Thank you for asking such an important question. As I begin to answer it, I realize it is so central to the practice of any expressive arts therapy, that only a very long answer can begin to capture its complexity. My answer pertains to art therapy, so I hope others more knowledgeable in the modalities of dance, music, drama, poetry, will contrast their answer to mine. The following is the product of some graduate research I did with Pat Allen, and much of it is derived from her writing. Martin Perdoux
The ritualistic and formal qualities of the classical psychoanalytical session present a very specific set of circumstances that most art therapy sessions do not have. The art therapist often work within the client’s personal physical space when assistance is needed, and most of art therapy interactions are easily seen as casual.
In A consideration of transference in art therapy (1988, American Journal of Art Therapy, 26, 113-118), Pat Allen noted that almost all art therapy drew on psychoanalytic personality theory, but that only some art therapists, like Margaret Naumburg, used psychoanalysis and the promotion of transference as a method. Allen, who worked several years with Naumburg, explains that Naumburg had her clients bring in artwork they made at home, and that this allowed her to work in the interpersonally-oriented style of Sullivan, Horney, and Fromm.
It would be ill-advised to promote transference in most art therapy practices, because the therapist is present during the art making, and cannot maintain the analyst’s neutrality and anonymity. In Allen’s words, art-making and analysis of transference are too different to be combined without leading to simplification and distortion.
Unfortunately, many art therapists dilute the definition of clinical transference into a benign description of therapeutic alliance, often using the term transference when they don’t like an aspect of themselves that has been exposed and amplified by a client.
The intensity of transference is “quasi-psychotic” (Waelder, Basic Theory if Psychoanalysis, 1971) and it needs to be contained by the formal quality of classical psychoanalysis. Allen illustrates the destructive potential of the promotion of transference in art therapy in a situation where the client feels sudden humiliation at the realization that infantile feelings are influencing him or her, even as an adult. If the art therapist encourages the client to express the feelings, they will need to be contained. If, as the transference may have indicated, the art therapist is subject to certain weaknesses, he/she may not be able to contain the feelings. “What then?” Allen asks (p.115). If the feelings expressed fit the art therapist’s needs, it will be an open invitation for a breach of ethics.
The alternative is that the primary relationship exist between the client and his/her artwork, instead of between the client and therapist (Allen, p.115). The client is having a relationship with his/her self via the art. What should be developed between the client and therapist is a therapeutic alliance, on a conscious level, like Edith Kramer’s “area of relaxed tension between mother and child” or Winnicott’s “neutral space protected by the mother’s quiet availability” (Kramer, Childhood and Art Therapy, 1979).

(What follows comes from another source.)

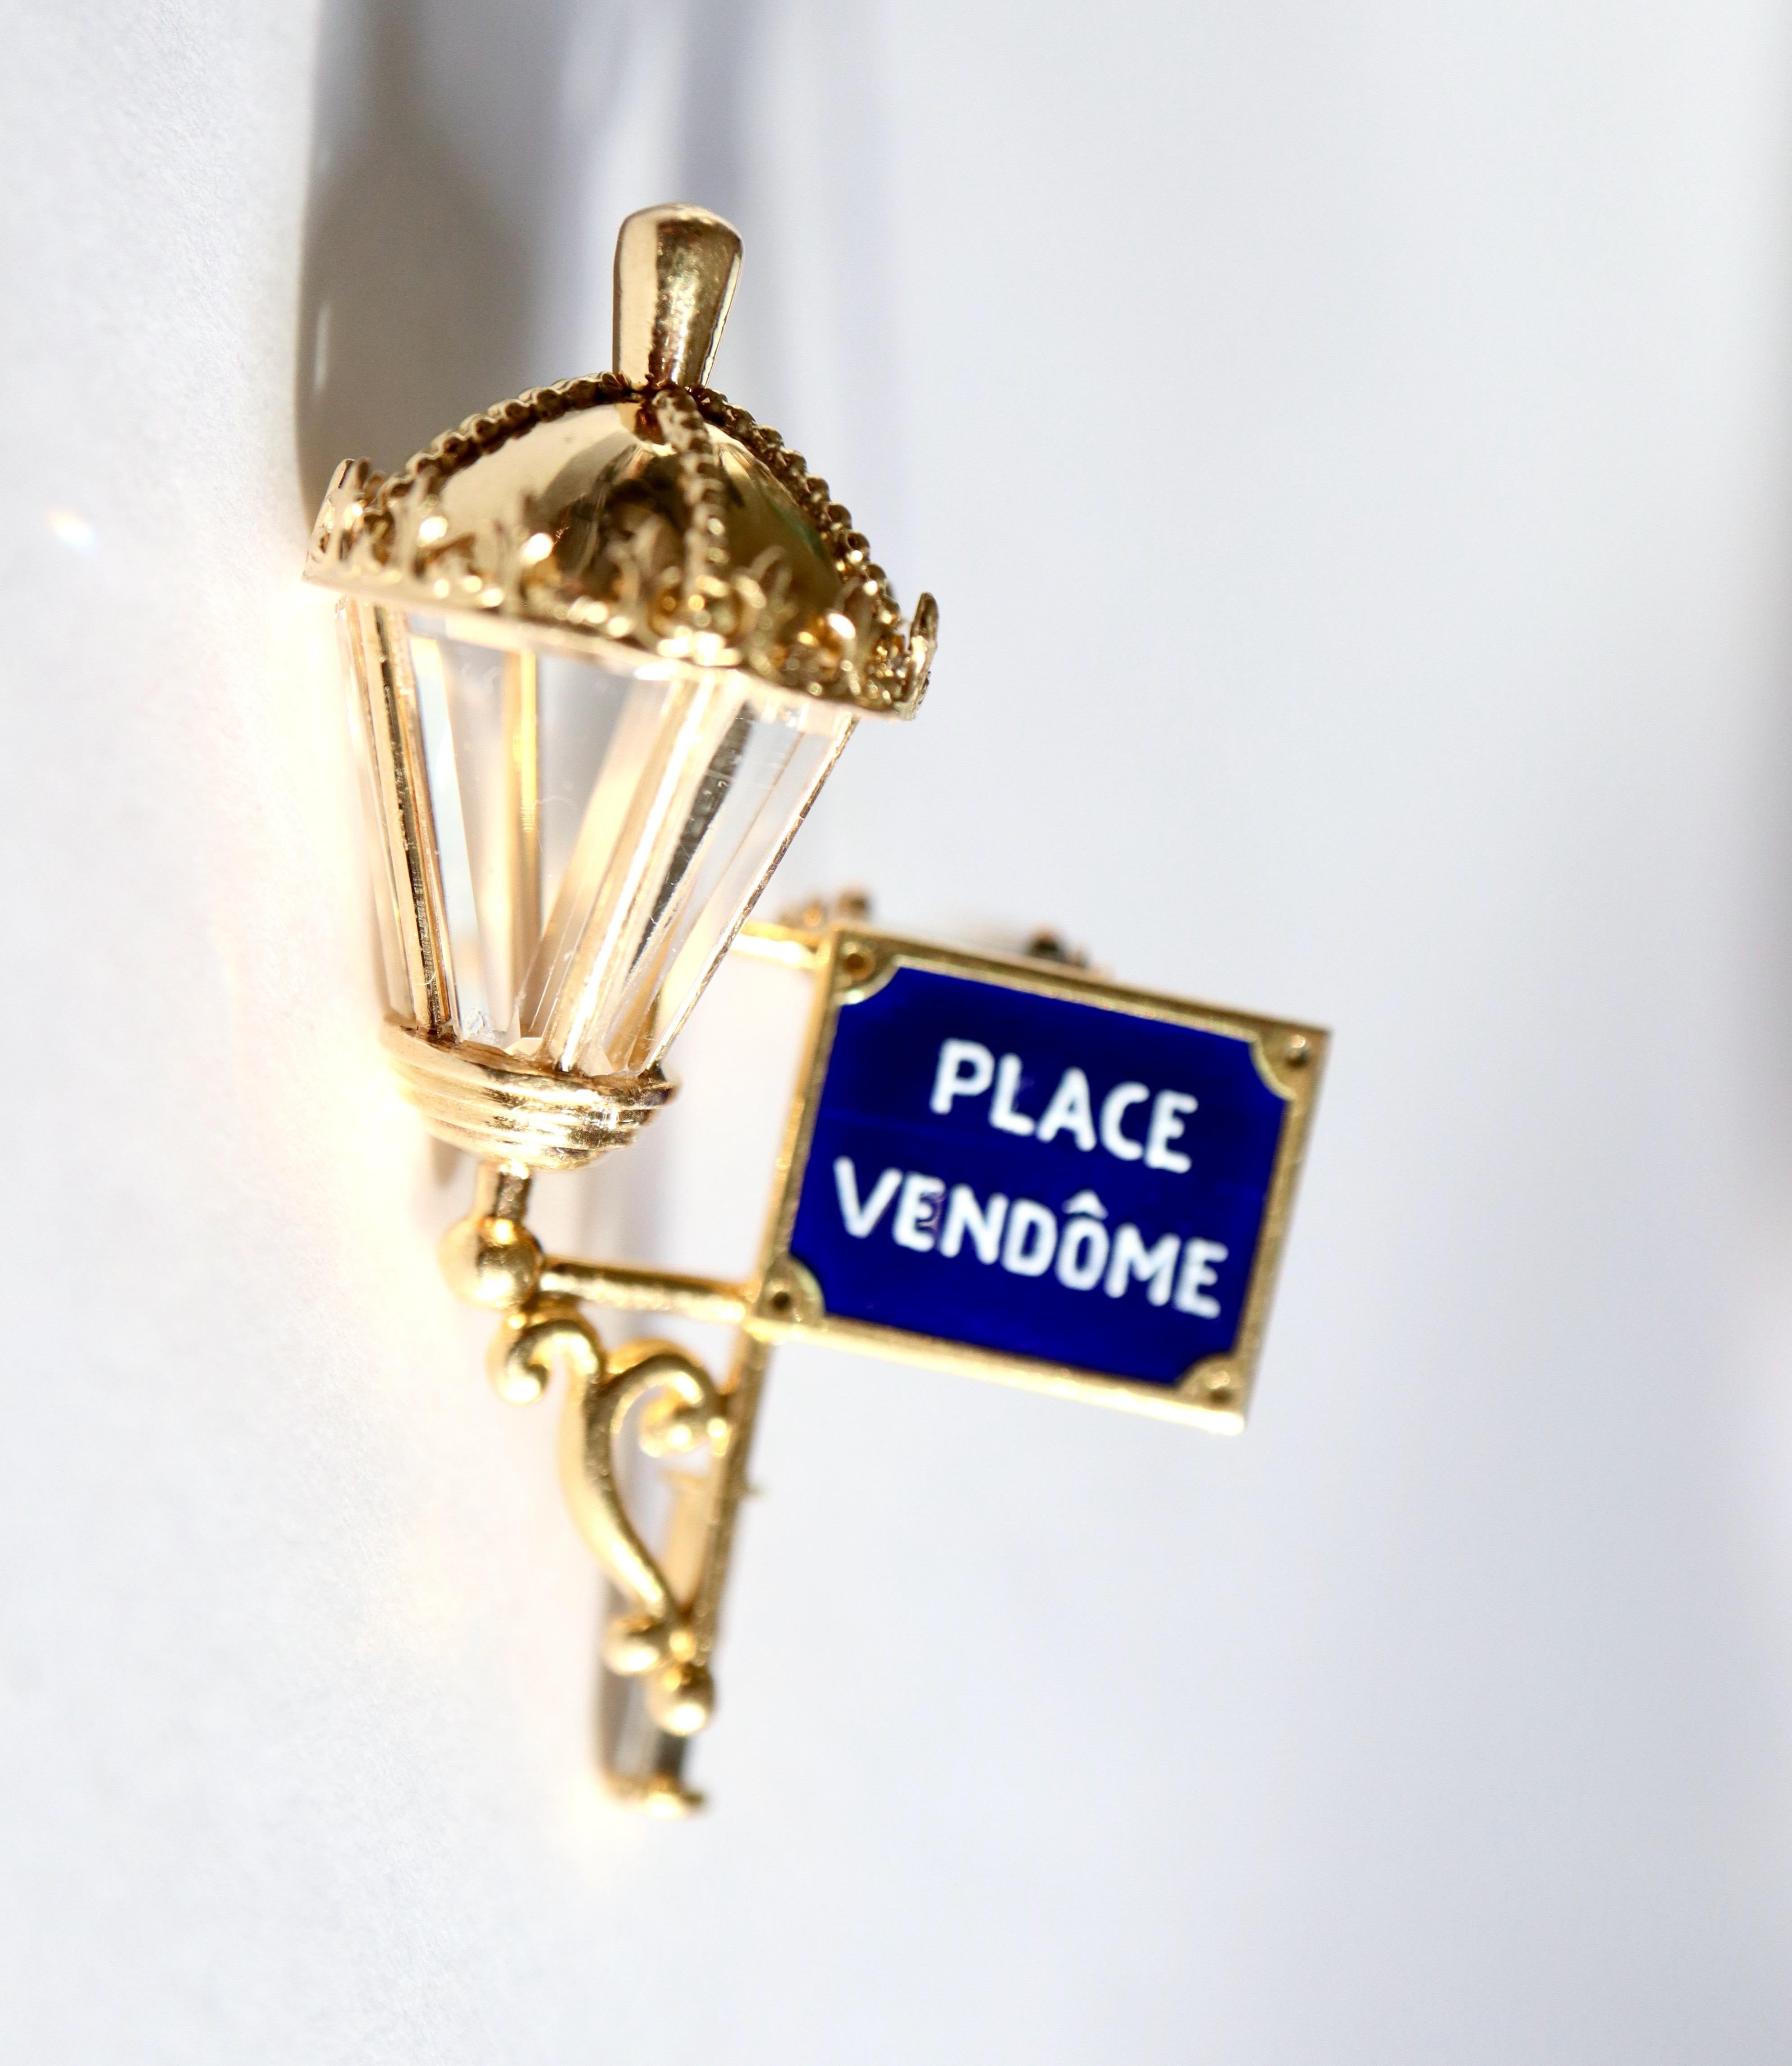 MAUBOUSSIN Place Vendôme Lapel Clip in 18 Carat yellow Gold and Enamel around 1950
Maison MAUBOUSSIN Brooch in 18 Kt yellow Gold depicting a Lantern with the Plaque of Place Vendome Enamelled in White on a Blue Background. Original beveled Crystal

In art therapy, some conversation is initially necessary to allow for an appropriate selection of materials. Allen explains that once the art making has started, the art therapist’s role is to promote the art process (p.116). When transferential material appears in the artwork, the technical requirements of complex art making processes can help clients work through it. Allen explains that by providing “an anchor in reality,” “allowing consciousness a role in the expression of the unconscious content,” and “slowing the emergence of unconscious material,” technical requirements make it less likely that the client will be overwhelmed by that unconscious material (p.116). Should the client need help in the proper use of art materials, the therapist is also there to give instructions. Allen concludes: “In this way the client is engaged at a conscious level in the art process. . . The environment itself urges the process into being (p.116).
Now that we have established the primary relationship should exist between the client and the artwork, let’s note that as any relationship, the relationship with an image is a mutual one. Shaun McNiff, quoting Rudolf Arnheim, reminds us that “the essence of the engagement is not what we do to the image, but what it does to us.”